### Source data
..........

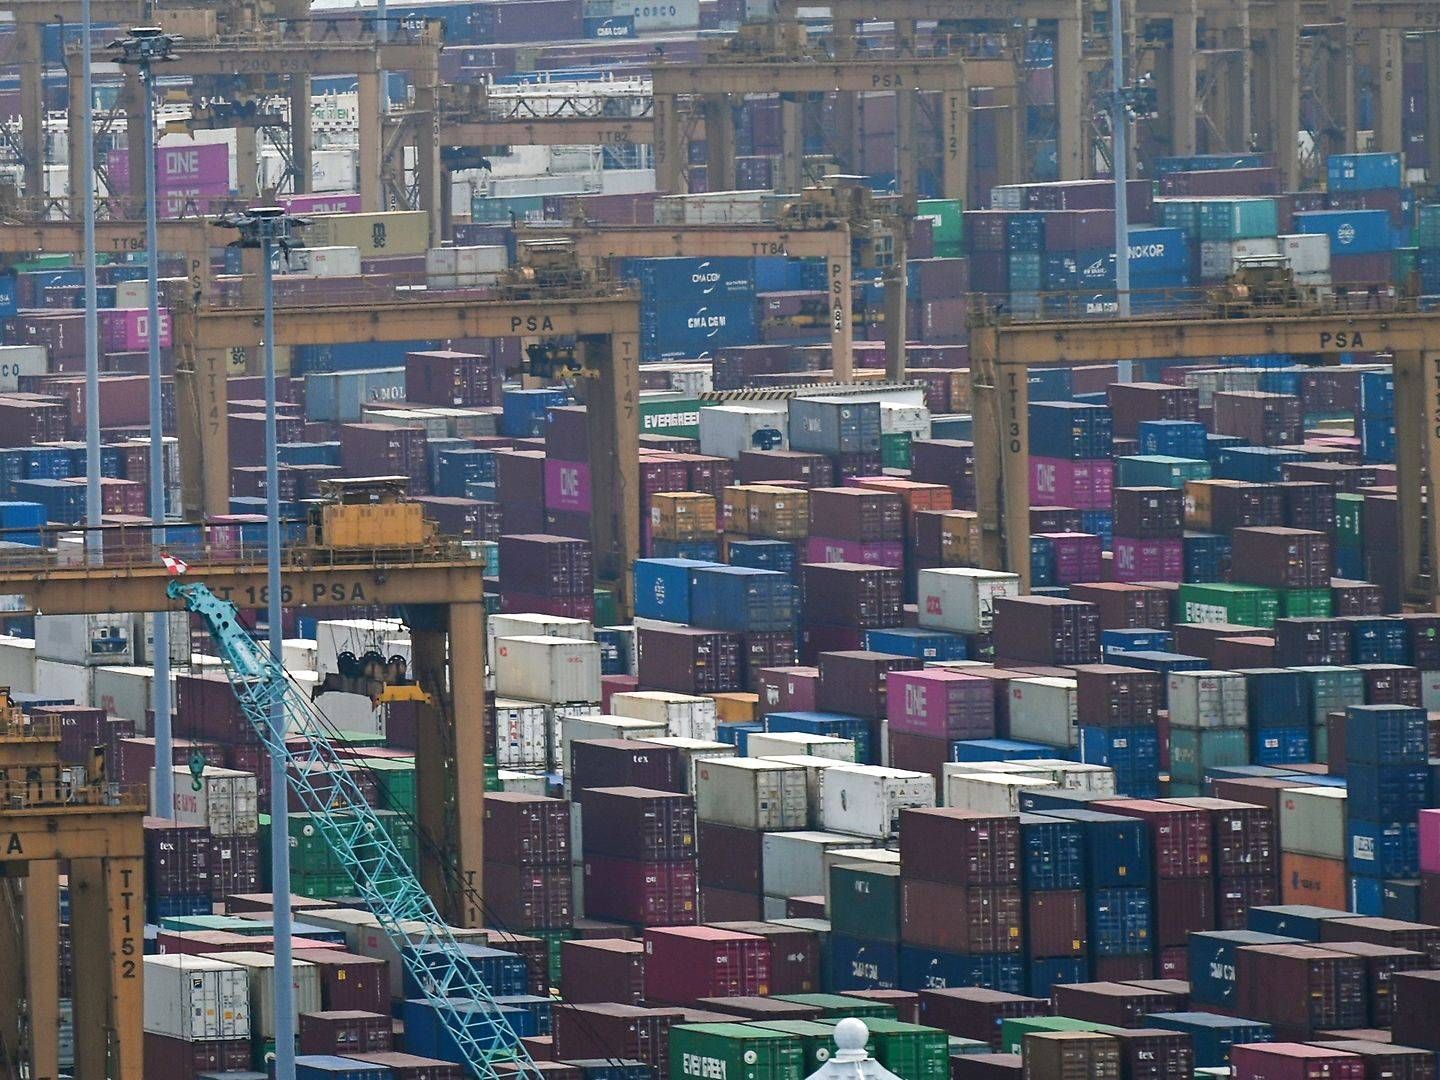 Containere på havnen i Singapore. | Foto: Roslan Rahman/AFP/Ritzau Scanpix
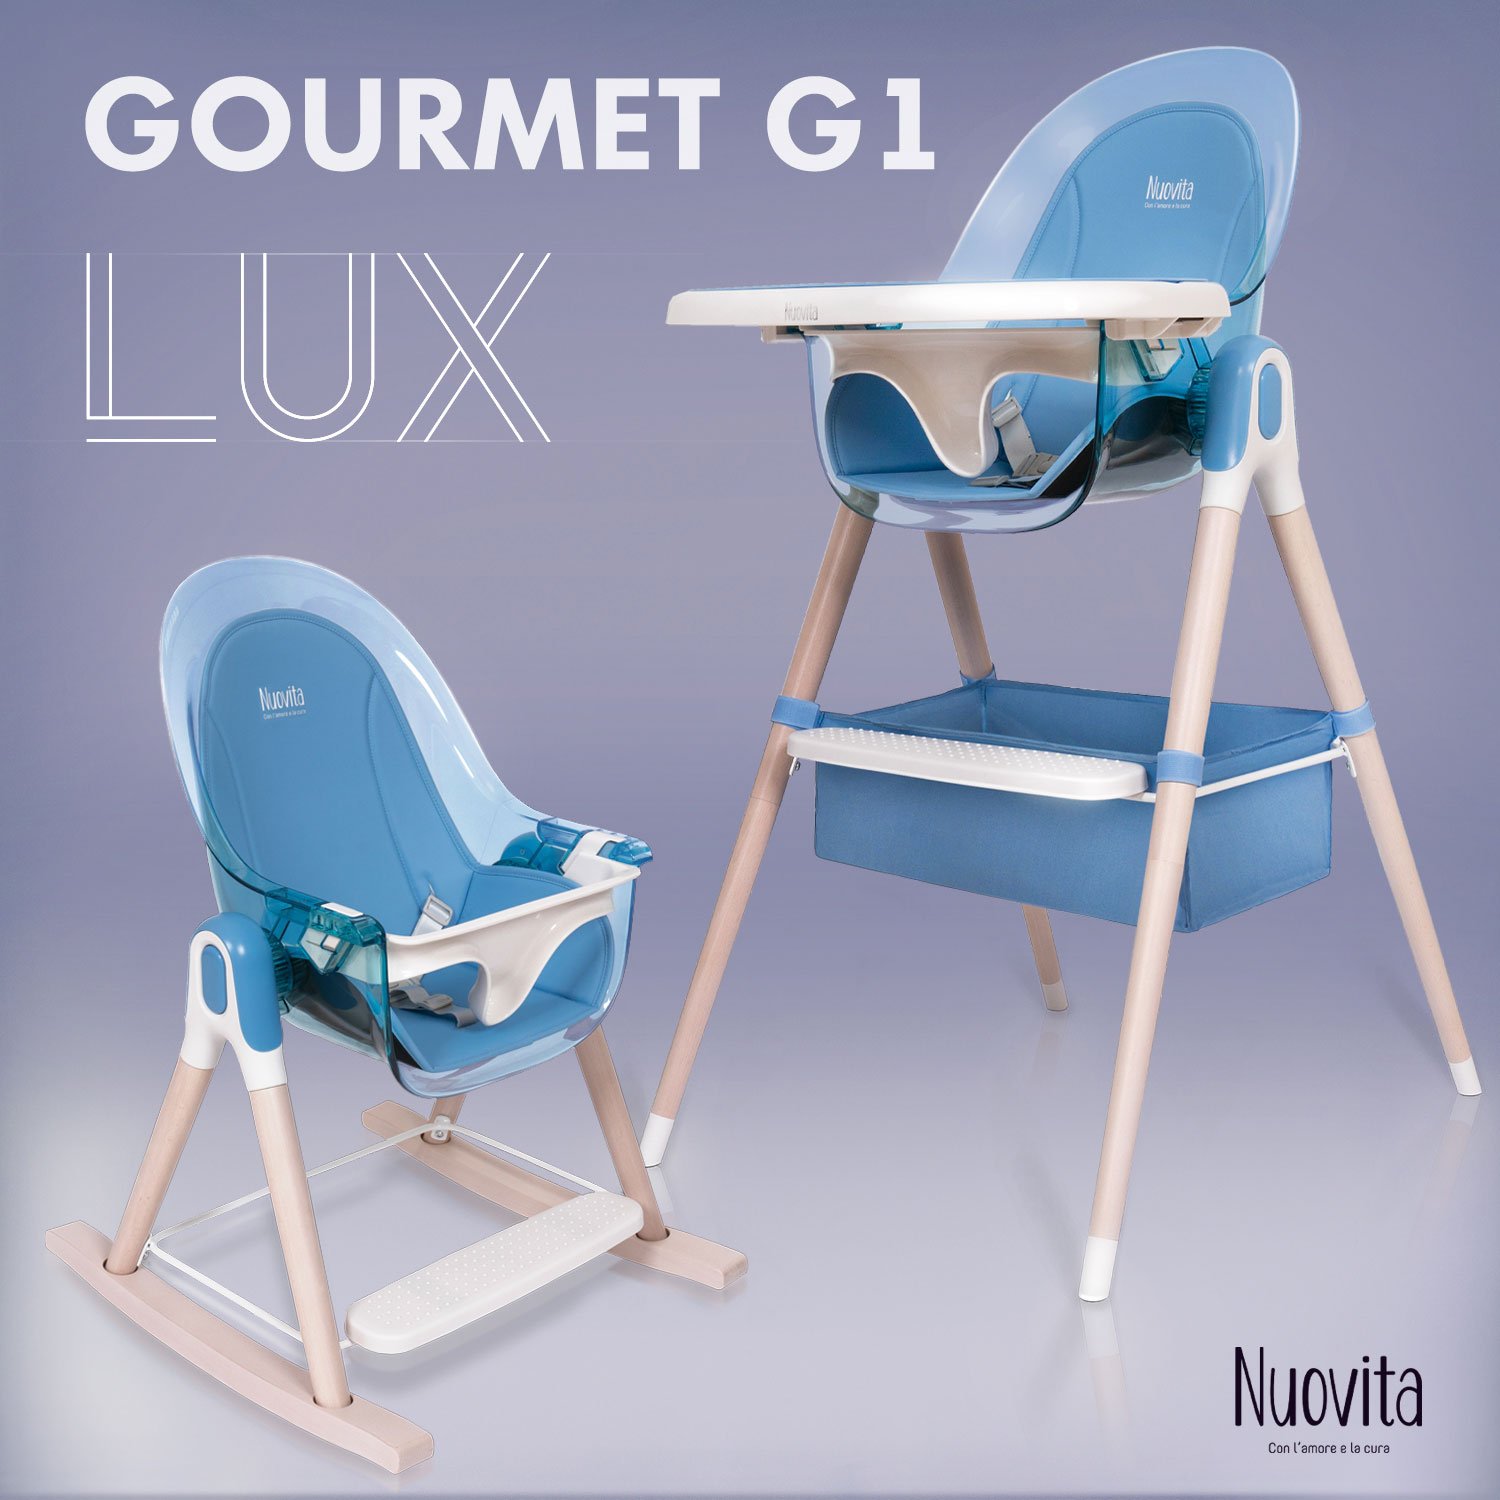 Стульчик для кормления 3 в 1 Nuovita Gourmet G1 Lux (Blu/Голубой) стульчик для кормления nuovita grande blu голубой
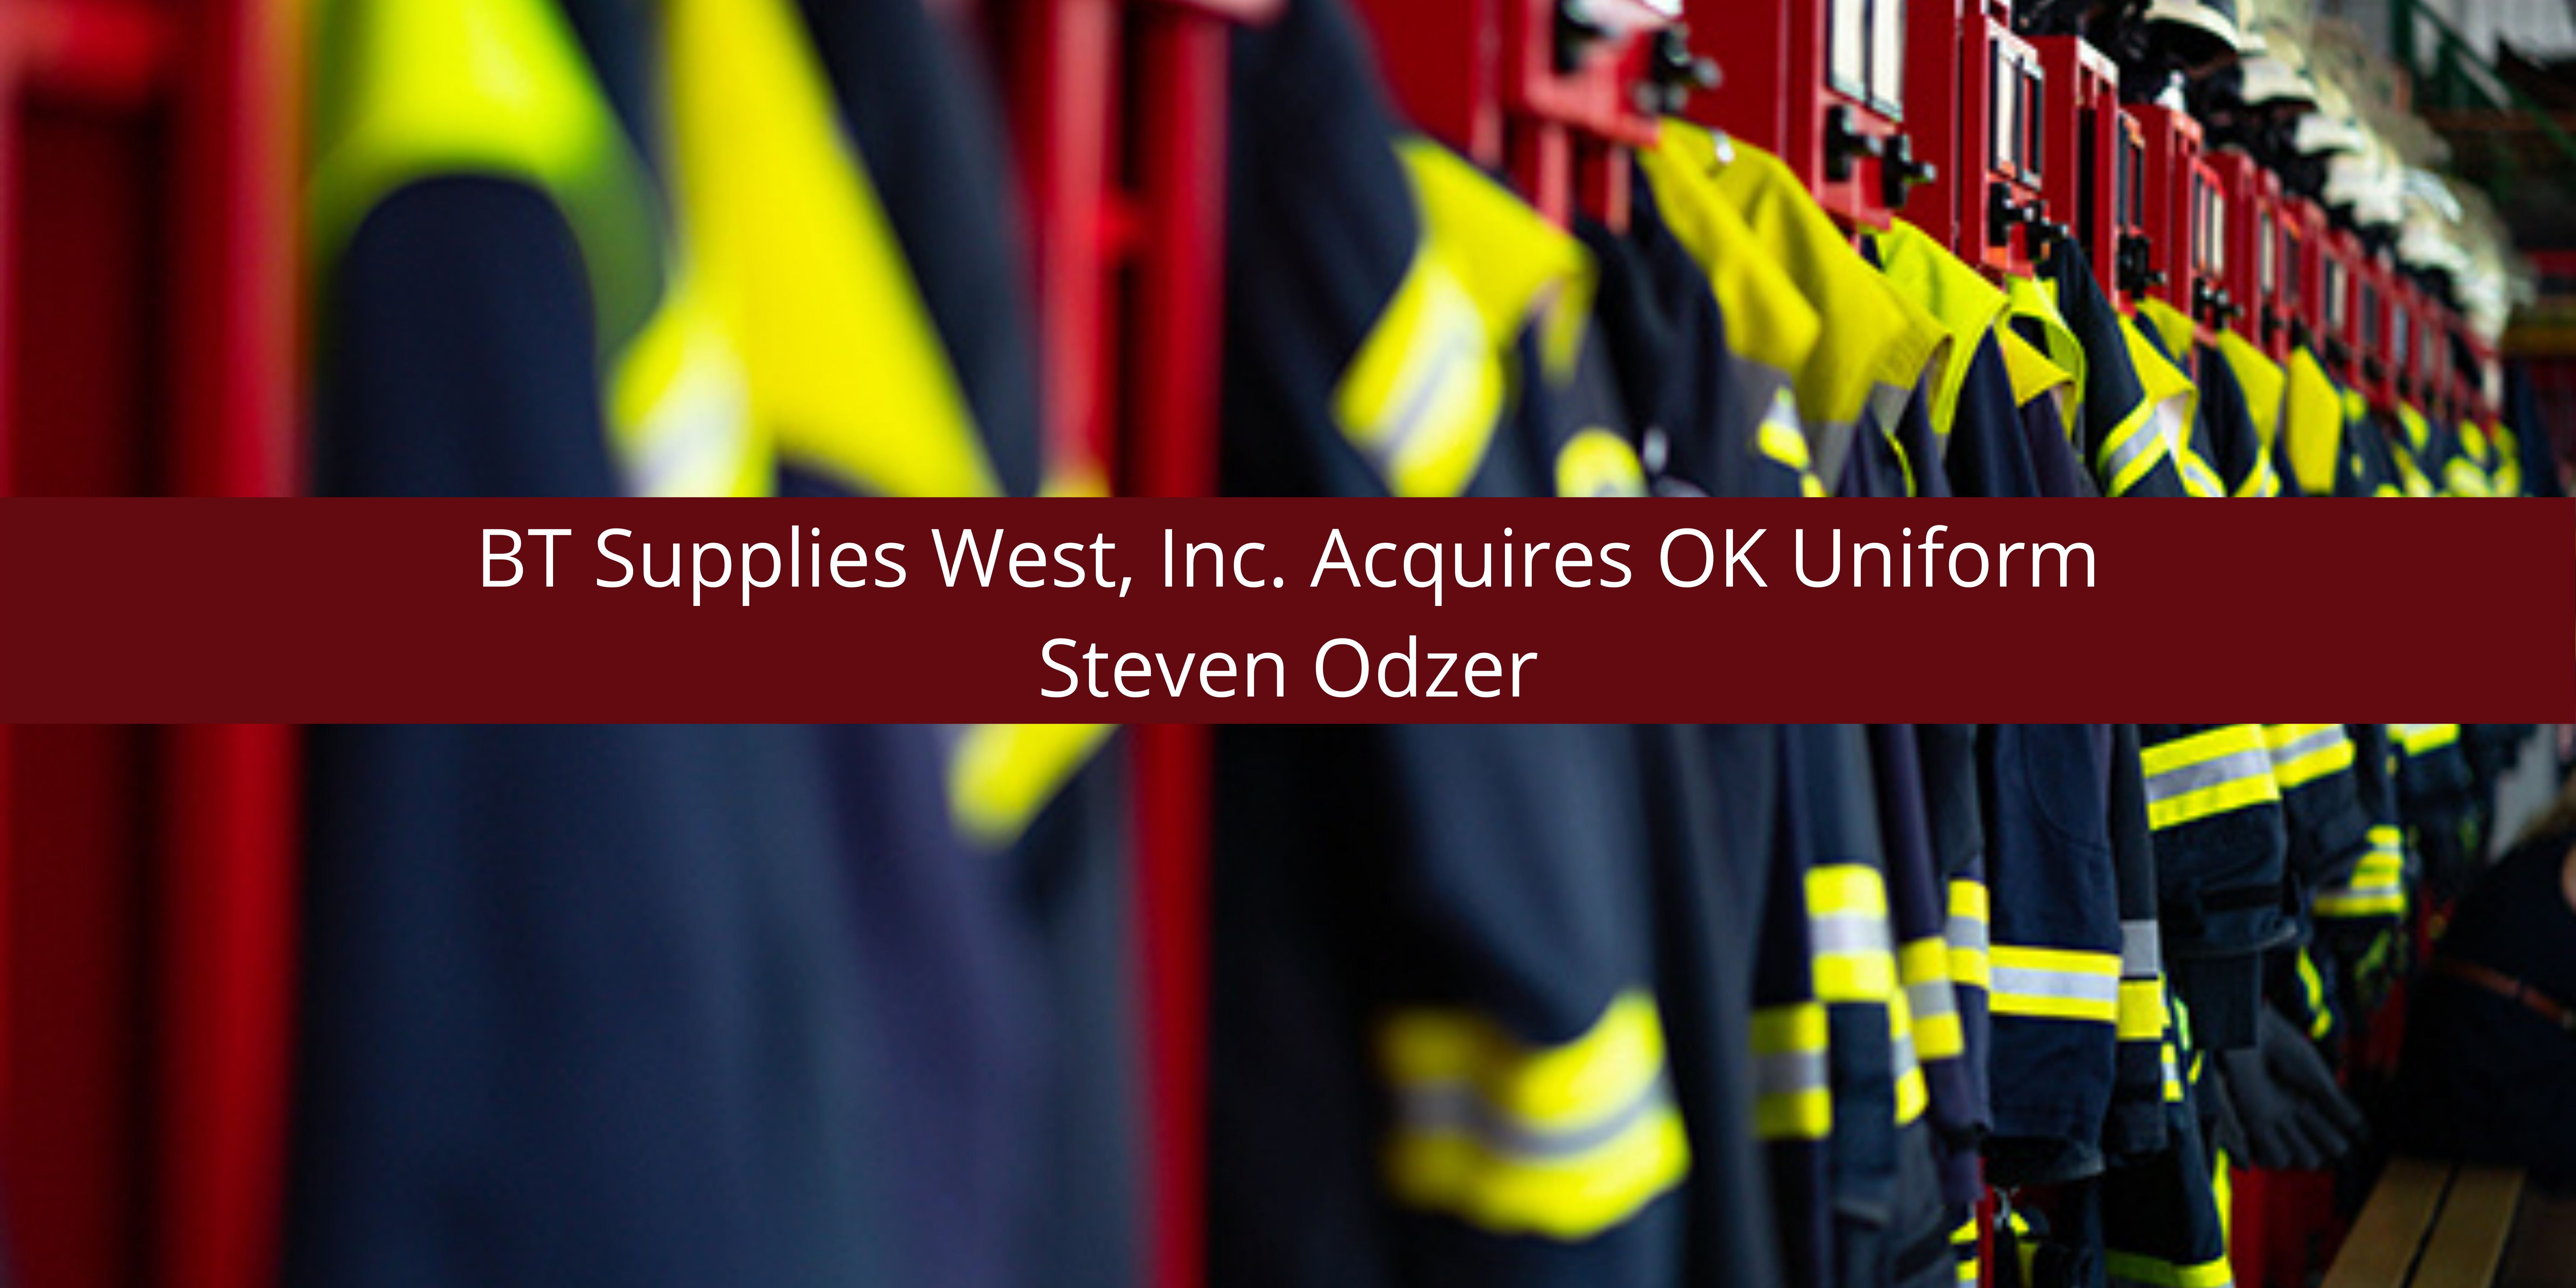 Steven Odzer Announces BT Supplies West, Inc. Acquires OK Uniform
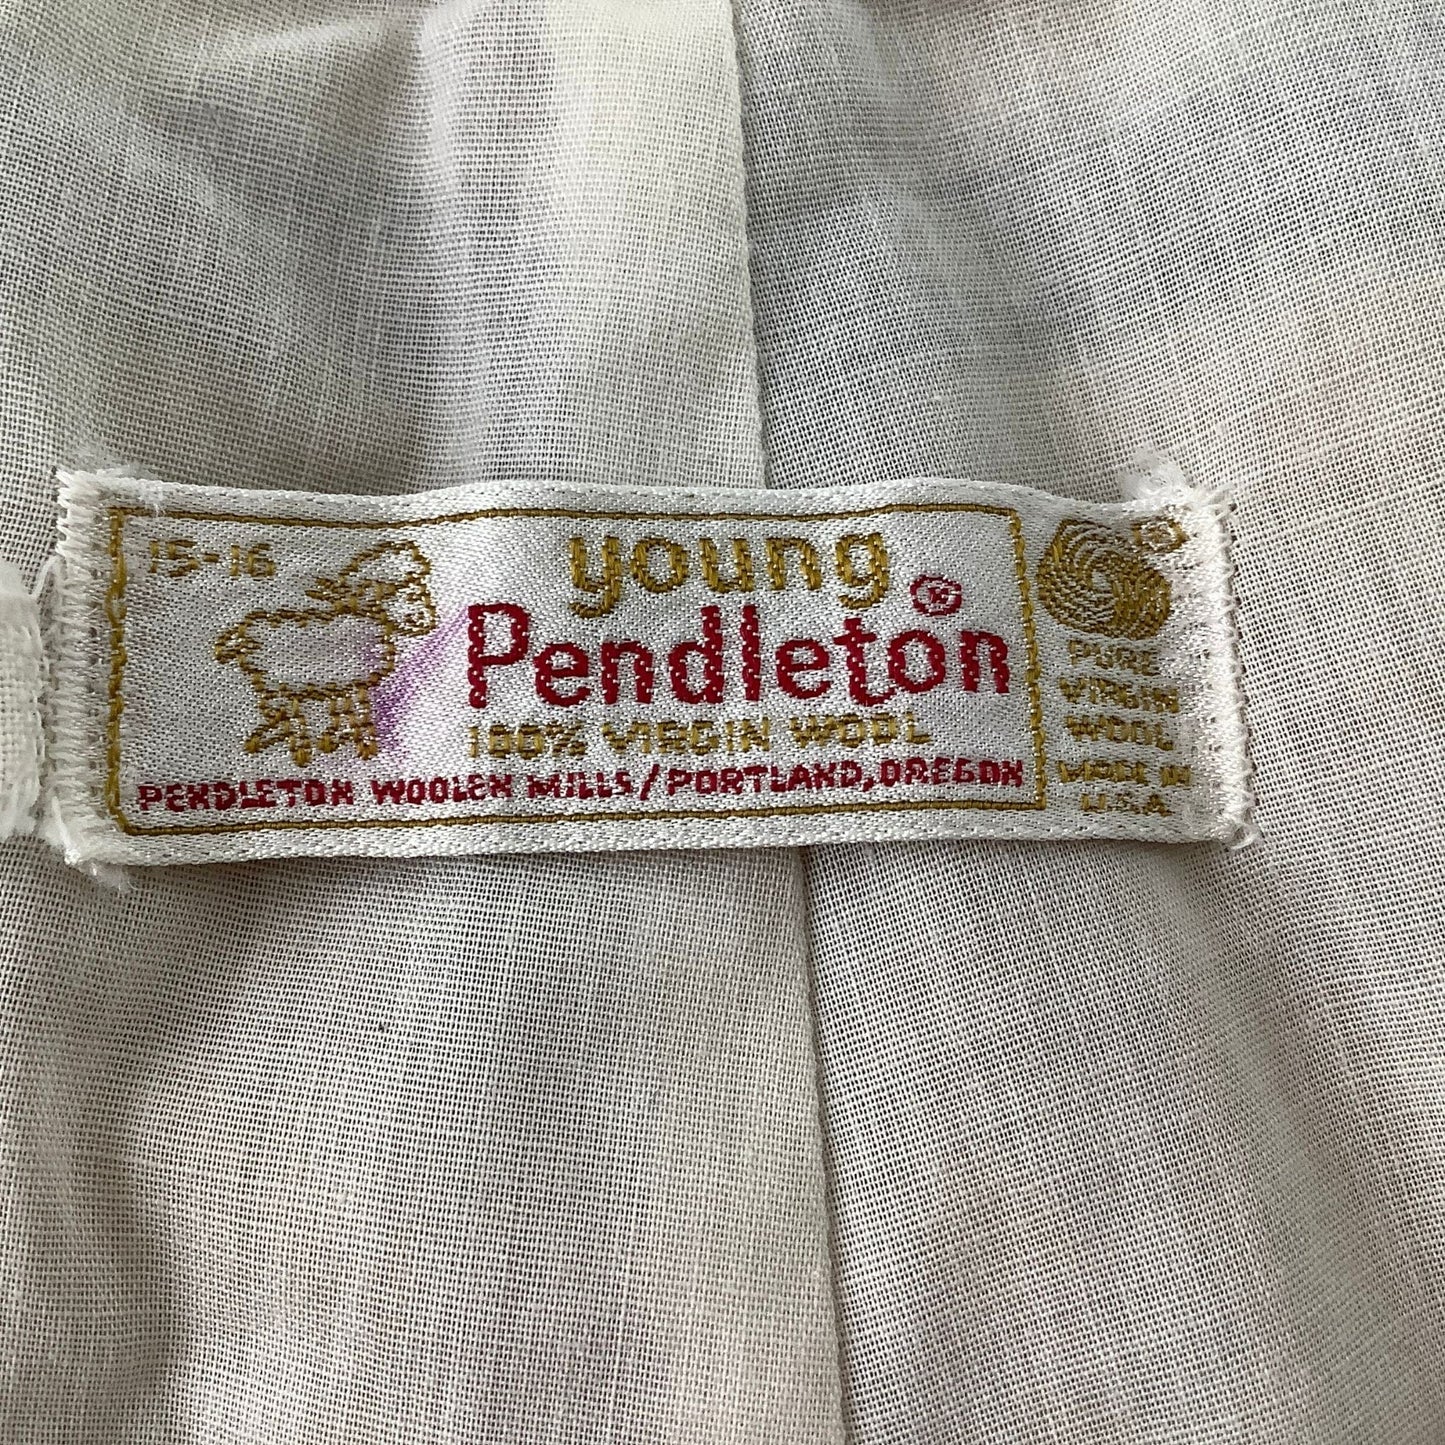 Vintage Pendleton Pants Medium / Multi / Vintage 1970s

..........

### Exercise aim
Set down all of the material word for word, minus its pictures.

### Result below
 Containere på havnen i Singapore. | Foto: Roslan Rahman/AFP/Ritzau Scanpix
 Стульчик для кормления 3 в 1 Nuovita Gourmet G1 Lux (Blu/Голубой) стульчик для кормления nuovita grande blu голубой
 Steven Odzer Announces BT Supplies West, Inc. Acquires OK Uniform
 Vintage Pendleton Pants Medium / Multi / Vintage 1970s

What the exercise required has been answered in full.